I personally haven't been able to reproduce this issue. However, one of our customers confirmed that these patches correct the problem for them:
That LKML thread does sound promising. It posits that b92df1de5d289c0b5d653e72414bf0850b8511e0 is the problem. See also c9a1b80daeb50e39f21fd7e62f7224f317ac85f0 which says "Fixes: b92df1de5d28".
I do want to make a couple of brief points: b92df1de does fall within the window we were all guessing of 4.10 to 4.11. It falls somewhere around 4.10-rc8 from what I can gather from git log.
However, my bisect, with 8 steps left, has me on 4.10-rc5 and I'm pretty sure I've eliminated the stuff around rc8 in an earlier step! Though I do find git visualize sometimes orders things strangely. And there was one bisect skip I had to do on an uncompilable, maybe that messed me up.
I'll continue with my bisect just to see if it can confirm that b92df1de is my problem. I'll do that before I test this new patch. Might as well, gone this far. Maybe someone else here can test the new patch on a up to date kernel and report back? Thanks for the tip Chris, and tying that LKML/patch with our bug here.

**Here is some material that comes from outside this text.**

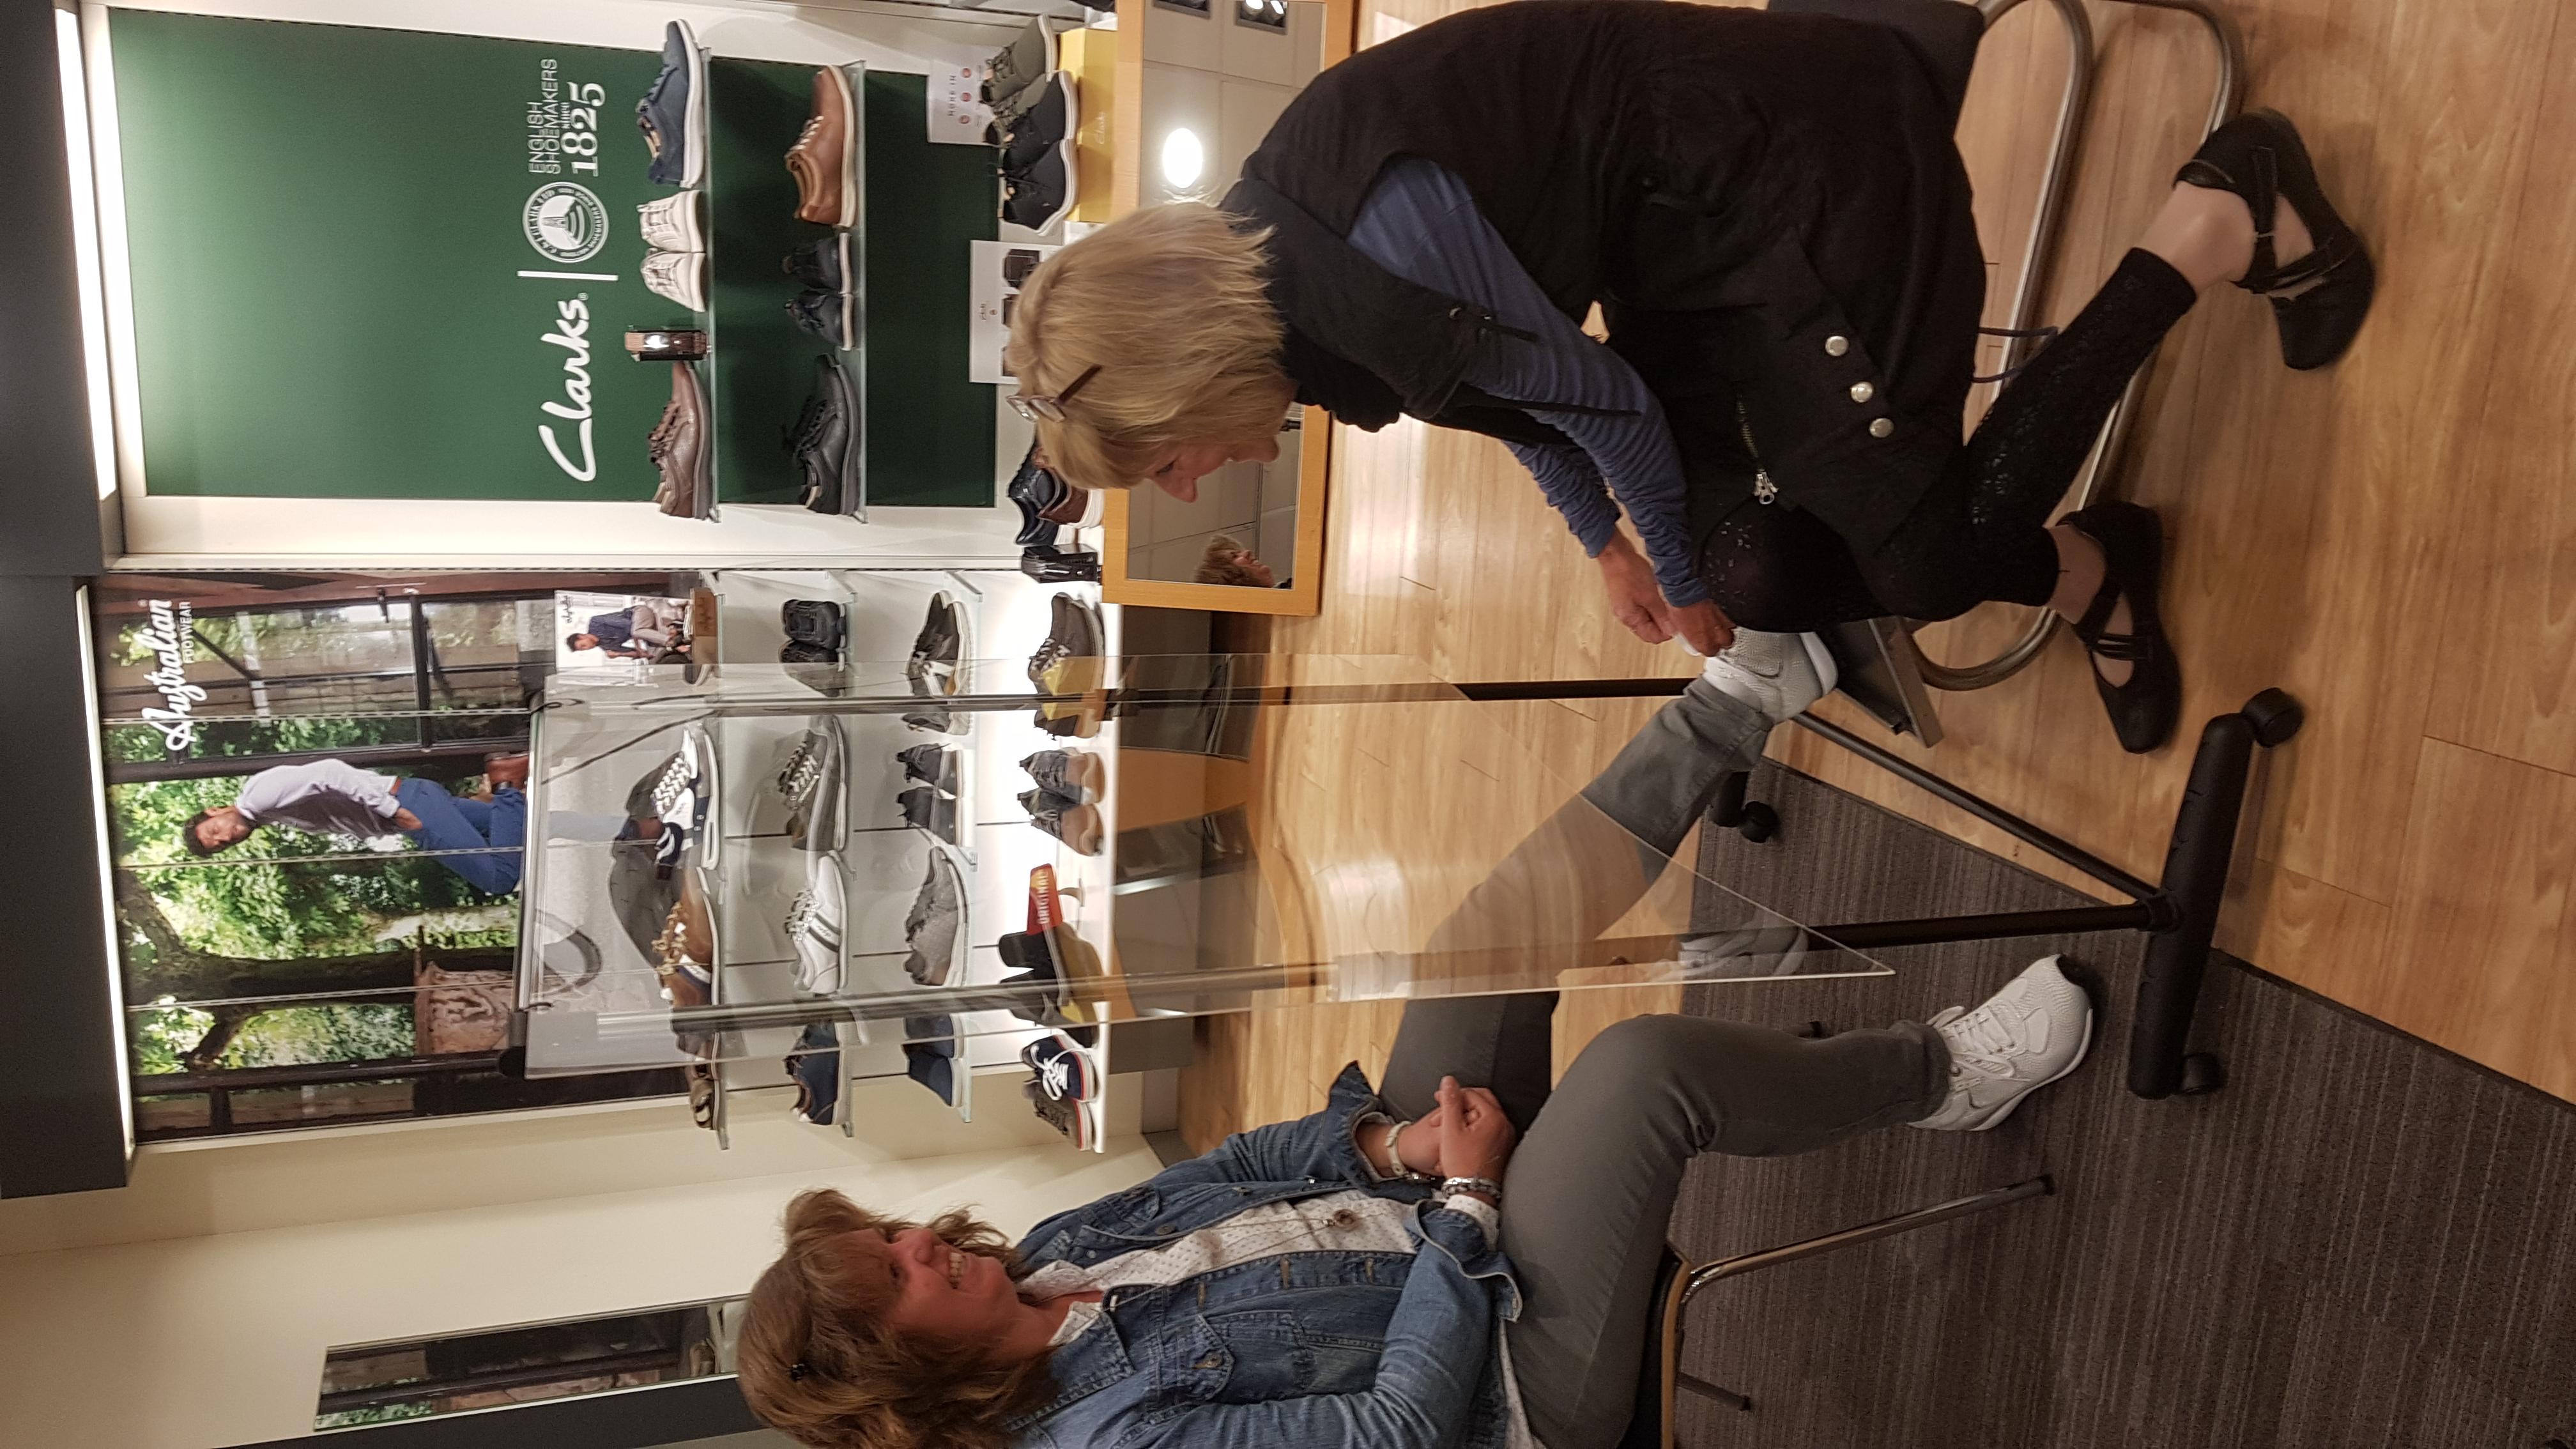 meijerink-schoenen-corona-maatrege;en

Oh ya, what hardware are your customers using, Chris? The LKML makes it sound like this can affect myriad h/w and not just S1200Bxx? I'm surprised, as if that's the case, why isn't there more interest in this bug? There still must be something relatively unique to our setups.
I continue with my bisect. I wanted to update, I currently have in my bisect: bad b686784d03e6, good 1ee18329fae9. I double-checked and that excludes b92df1de5d28, which is Feb 22, 2017, and my current bisect bad is Feb 11, 2017. I'm pretty certain of my "bad", which would mean b92df1de5d28 is not my problem, and may not solve this bug (or we have >1 bug, or I messed up the bisect). A confirmation from one of the other guys here applying the LKML patch would be useful.

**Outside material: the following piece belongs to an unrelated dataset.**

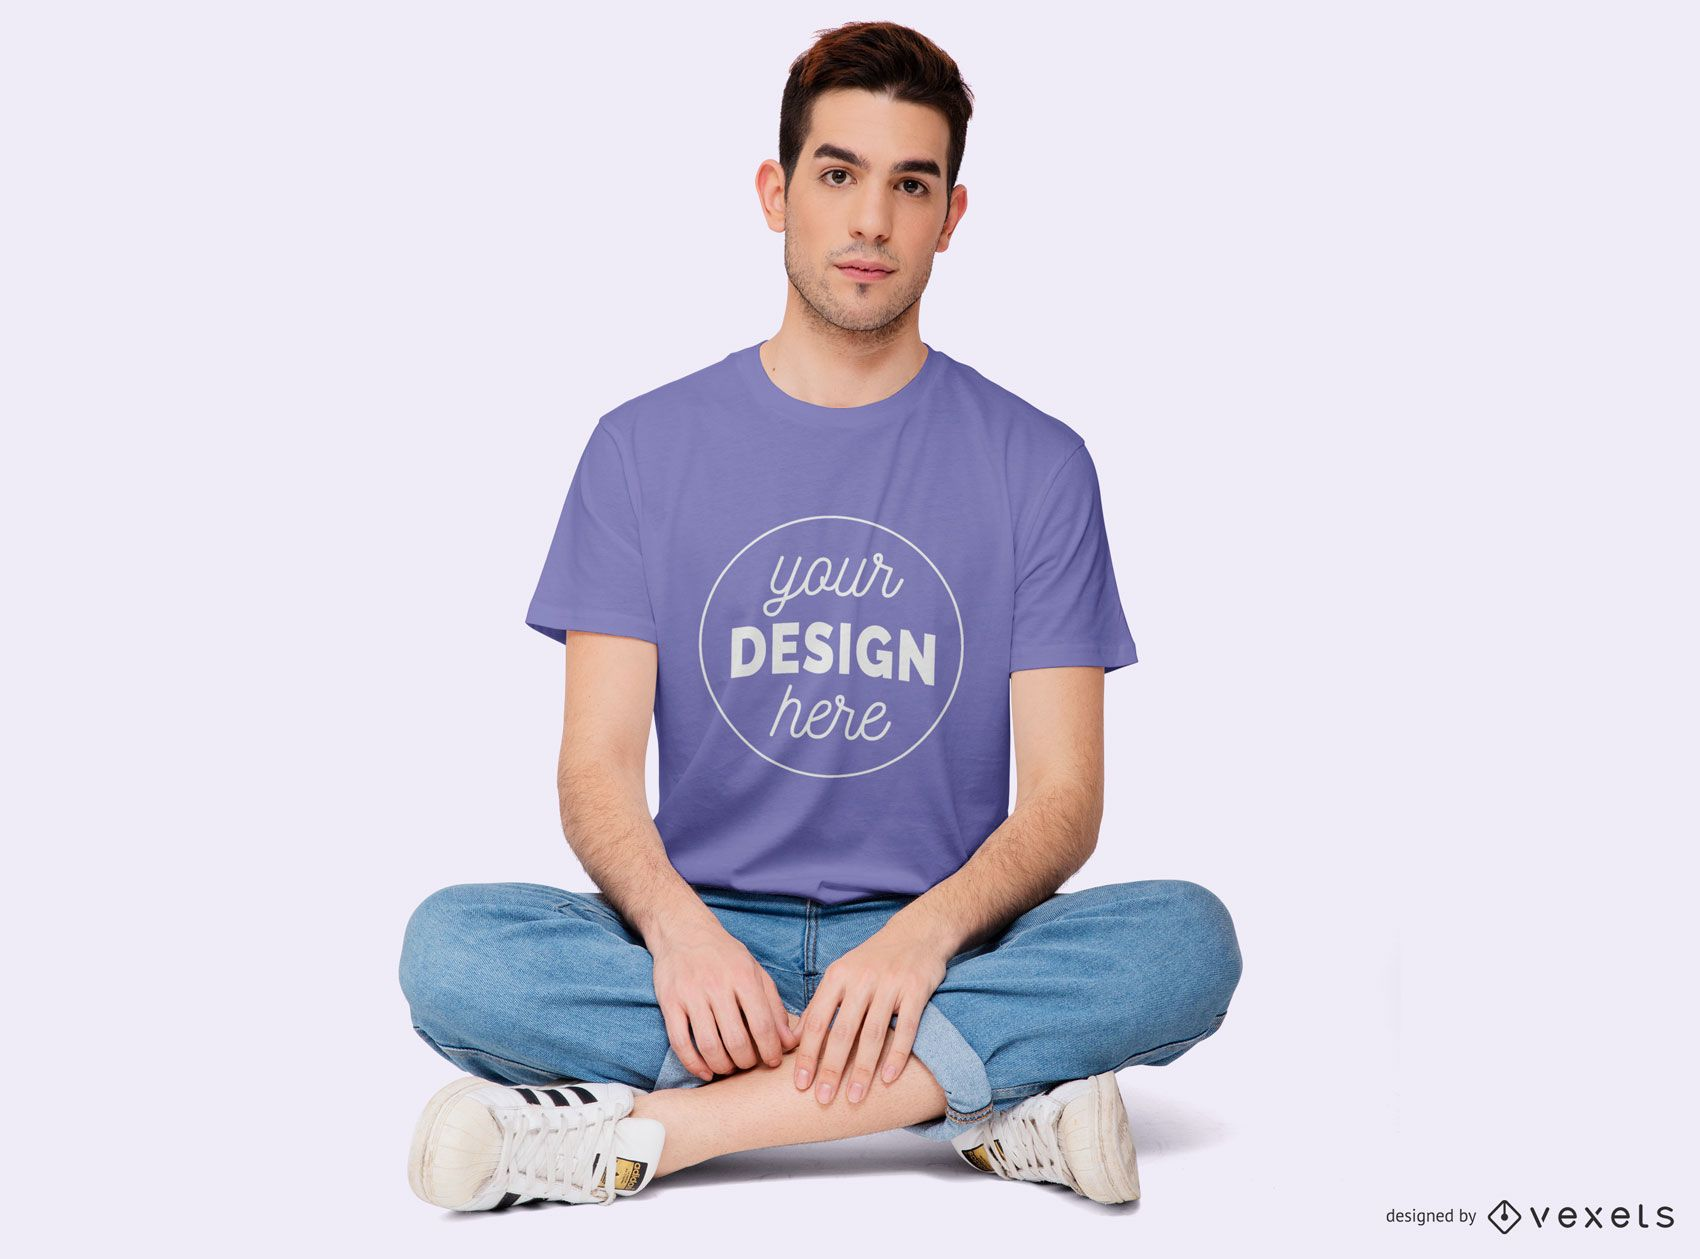 Junge sitzt mit gekreuzten Beinen T-Shirt Mockup

I'll keep going. Though it looks like now it'll be a bunch of goods until the bisect creeps closer to the Feb 2017 time. And goods are the worst, as they take 10+ days to verify, even with every trick I've come up with from tips here. That means it could still be 1-3 months.
I used the Fedora Kernel Vanilla Repositories  to install 4.16.0-0.rc7.git1.1.vanilla.knurd.1.fc27.x86_64 kernel and can confirm that this BUG is now resolved as of v4.16-rc7. It looks like the following three commits are required for resolving this BUG:
379b03b7fa05 mm/memblock.c: hardcode the end_pfn being -1
864b75f9d6b0 mm/page_alloc: fix memmap_init_zone pageblock alignment
f59f1caf72ba Revert "mm: page_alloc: skip over regions of invalid pfns where possible"
Thanks to all for fixing this!
I can confirm that what George says is true and those patches appear to fix our problem. We've been running 4.15.15-200.fc26.x86_64 for 15 days with our normal load on (if not heavier) and no crashes. Normally it never lasts more than 9 days (average around 5).
As for my bisect, we reached a point where we had 4 "goods" in a row (a bit odd) and started thinking we had incorrectly labelled a "bad". Especially since the commits previously mentioned as the culprits were already outside our bisect window (just barely). So we prematurely quit the bisect and tested the newest patched kernel from Fedora instead. We have the bisect log and can always go back to the bisect later, but it appears to be unnecessary.
I would say this bz is closable, if the original poster wants to confirm. Then we can also close the RHBZ.
(Still no one has described why this bug seems to hit almost no one out there -- only certain specific hardware -- and I was curious for an explanation but the LKML kernel-ese doesn't really help answer that.)
I'm the original poster, so feel free to close it. I've long since replaced the motherboard that was affected by this bug as the system was next to useless. Awesome work to those that persisted.